Том 24. Из сборников: «Что мне ненавистно», «Экспериментальный роман» | страница 9



Если вы спросите меня, зачем я, художник, пришел в этот мир, я отвечу вам: «Я пришел, чтобы прожить свою жизнь во всеуслышание».

Теперь понятно, какой может быть книга Прудона. Он рассматривает различные периоды в истории искусства и, исходя из своей схемы, применяемой им с грубой прямолинейностью, анафемствует направо и налево — так, что только диву даешься. Он последовательно анализирует египетское, греко-римское, христианское искусство, искусство Возрождения и, наконец, современное искусство. Все эти проявления человеческого Духа ему антипатичны; но он явно предпочитает те творения искусства, те школы, где художник как личность исчезает и где имя ему становится — легион: египетское искусство — сакральное, обобщенное, знающее только один тип и одну позу; искусство греческое — идеализацию формы, очищенные от индивидуальных черт сугубо правильные шаблоны, божественную сверхличную красоту; искусство христианское — заполняющие наши соборы бледные изможденные лики, все словно сошедшие с одного и того же станка… Только к таким этапам в истории мирового искусства Прудон относится сравнительно благосклонно — за то, что созданное в те поры кажется порождением всего общества в целом.

Что же касается Возрождения и нашего времени, то здесь Прудон находит лишь анархию и упадок. Подумать только: появляются люди, позволяющие себе быть гениальными, не спросясь у человечества! Такие субъекты, как Микеланджело, Тициан, Веронезе, Делакруа, имеют смелость мыслить самостоятельно, а не по уполномочию своих современников и высказывать то, что есть за душой у них самих, а не у всех глупцов их времени. Прудону охота смешивать с грязью Леопольда Робера и Ораса Верне — пускай себе, мне это, в сущности, безразлично. Но когда он, в качестве философа и демократа, начинает петь дифирамбы «Марату» и «Клятве в зале для игры в мяч» Давида или когда он поносит, нравственности и разума ради, полотна Делакруа — этого стерпеть нельзя. Да уж, лестного тут мало — заслужить похвалу Прудона; хваля какого-нибудь художника, он выхваляет сам себя; ему по сердцу такие идеи и такие сюжеты, которые может придумать и развить любой ремесленник.
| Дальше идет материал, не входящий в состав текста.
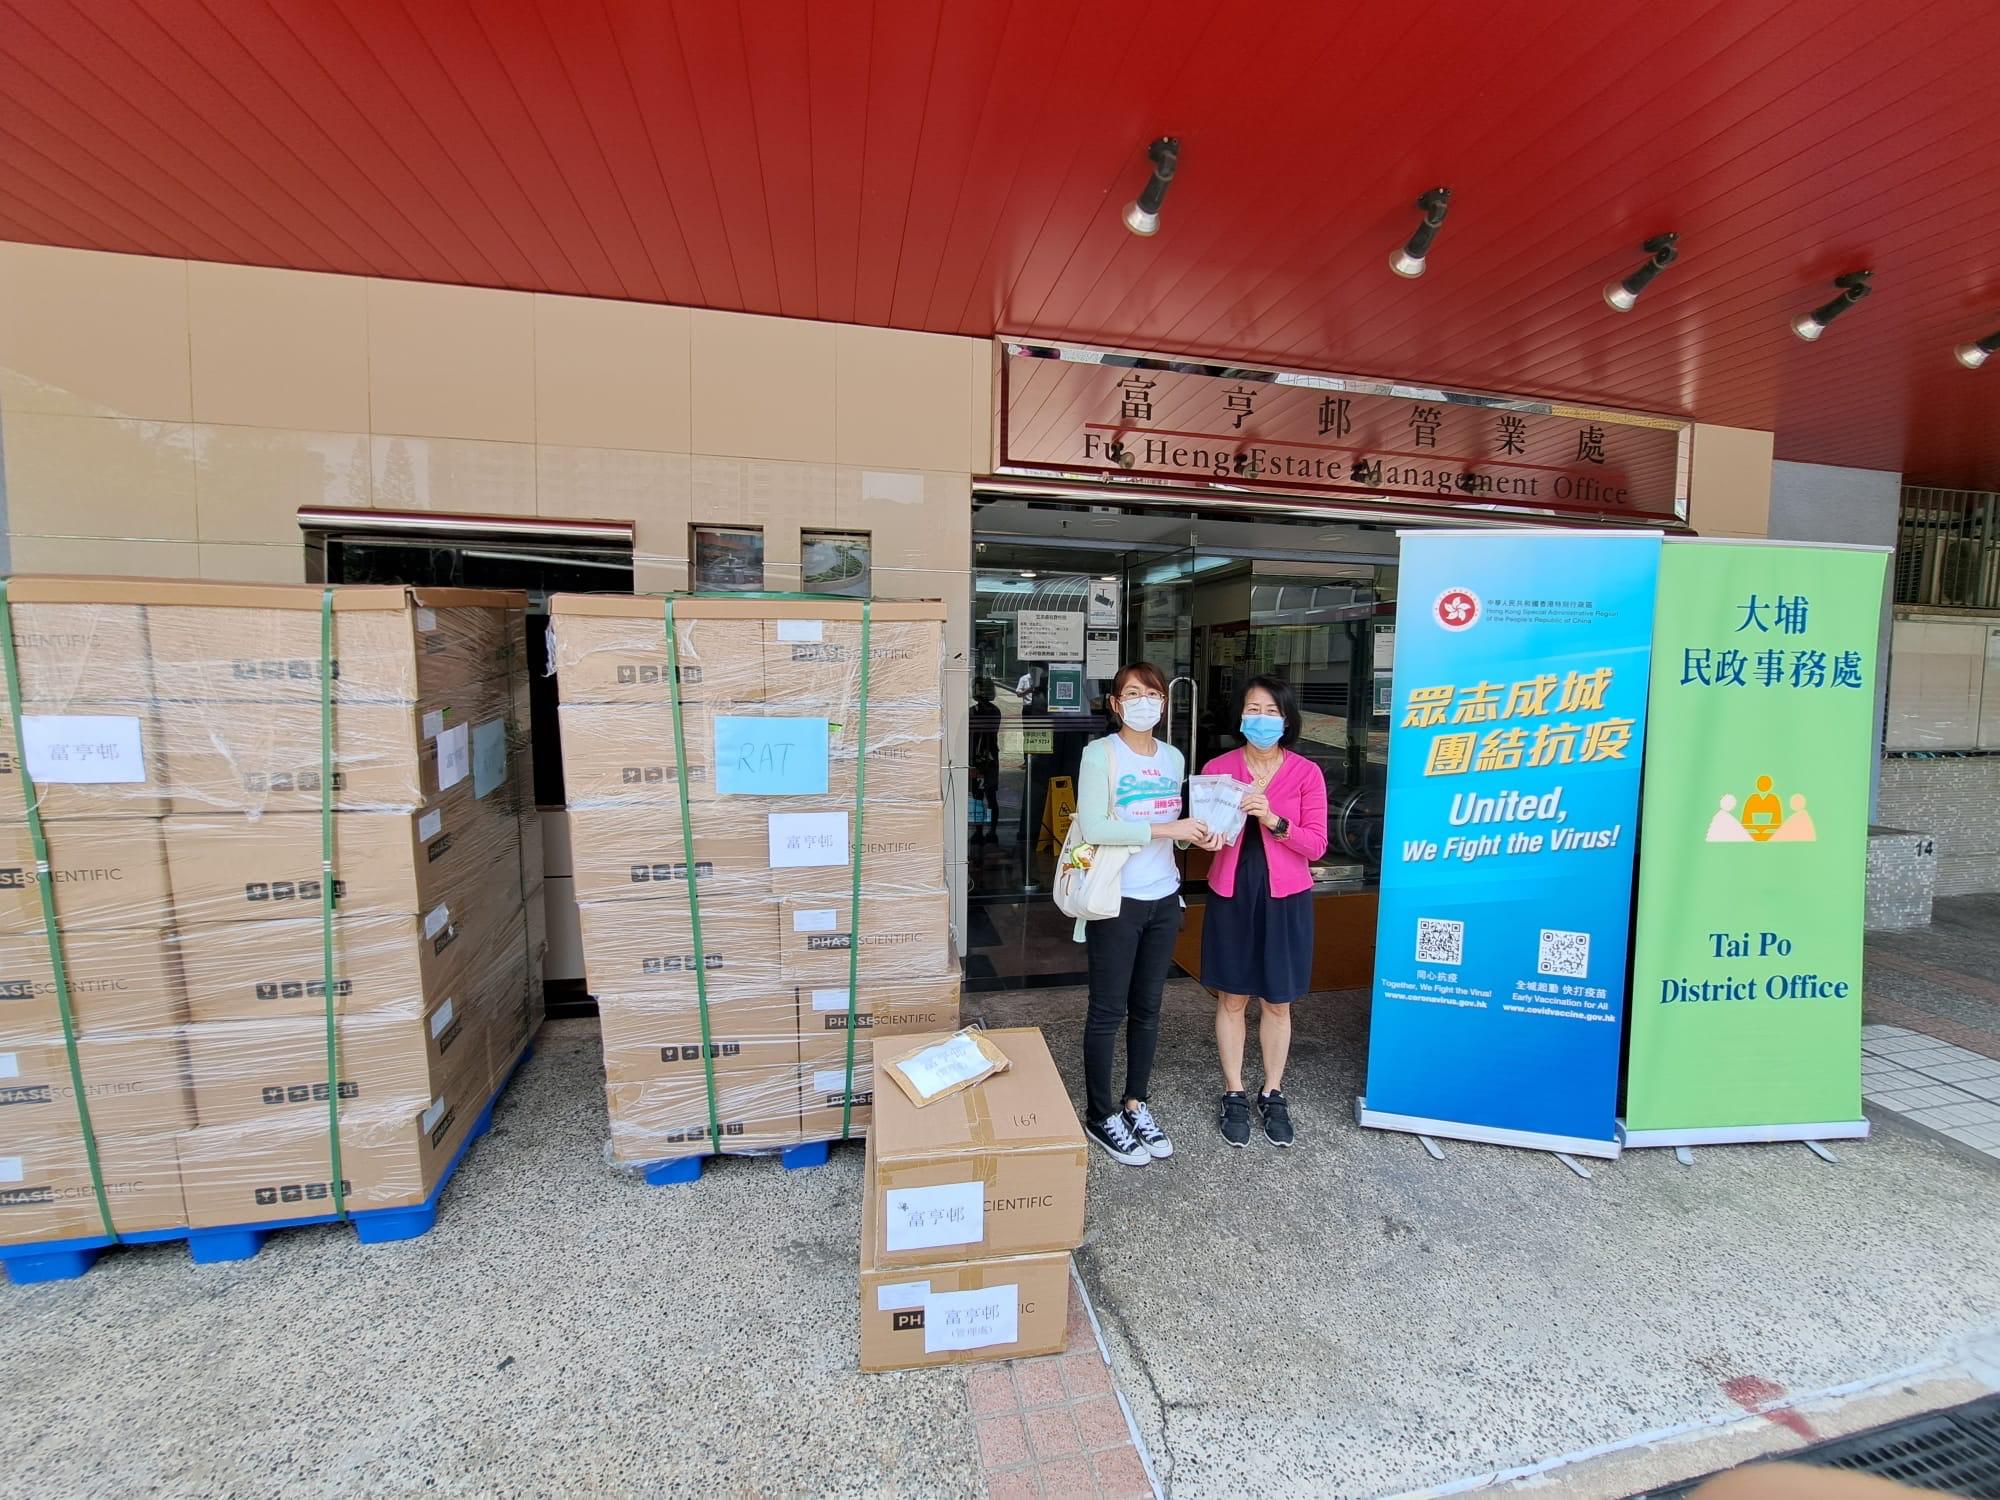 The Tai Po District Office today (May 5) distributed COVID-19 rapid test kits to households, cleansing workers and property management staff living and working in Fu Heng Estate for voluntary testing through the property management company.

Я еще весь разбит после пробежки по векам, которую я совершил вместе с ним. Не люблю я ни египтян, ни греков, ни аскетических художников средневековья, ибо не приемлю искусства, в котором нет жизни и индивидуальности. Я люблю, напротив, свободное изъявление отдельными личностями своего образа мыслей — то, что Прудон называет анархией, — люблю Возрождение и наше время, люблю борьбу между художниками, каждый из которых приходит в этот мир, чтобы сказать новое слово, какого никому не доводилось слышать прежде. Если произведение лишено крови и нервов, если в нем не отражена полностью и с истинно впечатляющей силой некая неповторимая человеческая личность, я его отвергаю, будь то хоть сама Венера Милосская. Словом, моя позиция диаметрально противоположна прудоновской: он хочет, чтобы любое произведение было продуктом коллективного творчества целого народа, я же требую, чтобы оно было продуктом творчества индивидуального.